Lawmakers in both parties on Capitol Hill say there is no chance that the currently gridlocked Senate will ratify a climate change treaty in the near future, especially in a political environment where many Republican lawmakers remain skeptical of the established science of human-caused global warming.

“There’s a strong understanding of the difficulties of the U.S. situation, and a willingness to work with the U.S. to get out of this impasse,” said Laurence Tubiana, the French ambassador for climate change to the United Nations. “There is an implicit understanding that this not require ratification by the Senate.”

American negotiators are instead homing in on a hybrid agreement — a proposal to blend legally binding conditions from an existing 1992 treaty with new voluntary pledges. The mix would create a deal that would update the treaty, and thus, negotiators say, not require a new vote of ratification.

Countries would be legally required to enact domestic climate change policies — but would voluntarily pledge to specific levels of emissions cuts and to channel money to poor countries to help them adapt to climate change.

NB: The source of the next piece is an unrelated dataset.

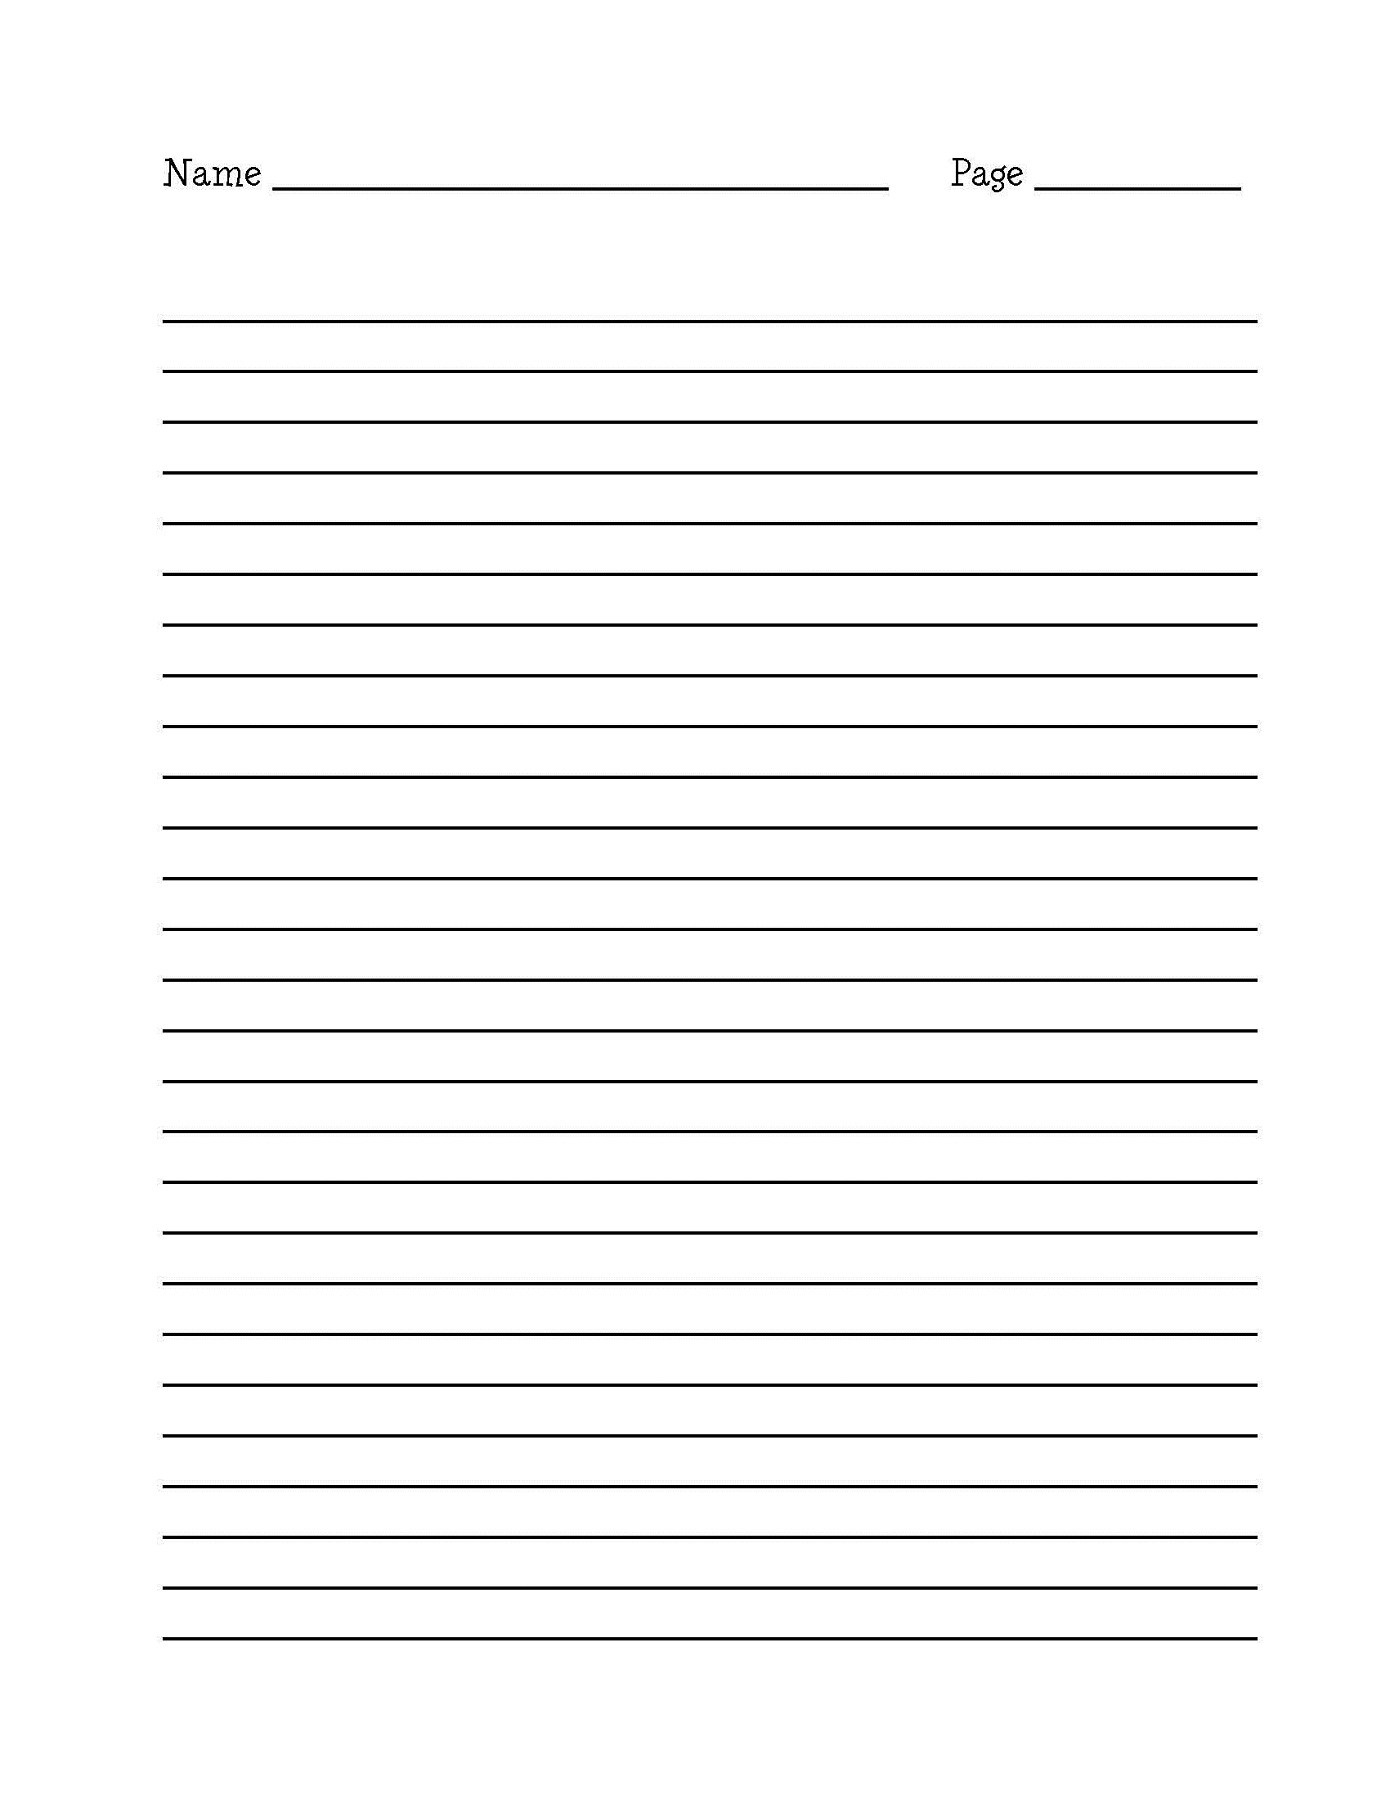 Free Printable Lined Handwriting Paper – Ezzy - Free Printable Lined Handwriting Paper

Countries might then be legally obligated to report their progress toward meeting those pledges at meetings held to identify those nations that did not meet their cuts.

“There’s some legal and political magic to this,” said Jake Schmidt, an expert in global climate negotiations with the Natural Resources Defense Council, an advocacy group. “They’re trying to move this as far as possible without having to reach the 67-vote threshold” in the Senate.

The Obama administration’s climate change negotiators are desperate to avoid repeating the failure of Kyoto, the United Nations’ first effort at a legally binding global climate change treaty. Nations around the world signed on to the deal, which would have required the world’s richest economies to cut their carbon emissions, but the Senate refused to ratify the treaty, ensuring that the world’s largest historic carbon polluter was not bound by the agreement.

Seventeen years later, the Senate obstacle remains. Even though Democrats currently control the chamber, the Senate has been unable to reach agreement to ratify relatively noncontroversial United Nations treaties. In 2012, for example, Republican senators blocked ratification of a United Nations treaty on equal rights for the disabled, even though the treaty was modeled after an American law and had been negotiated by a Republican president, George W. Bush.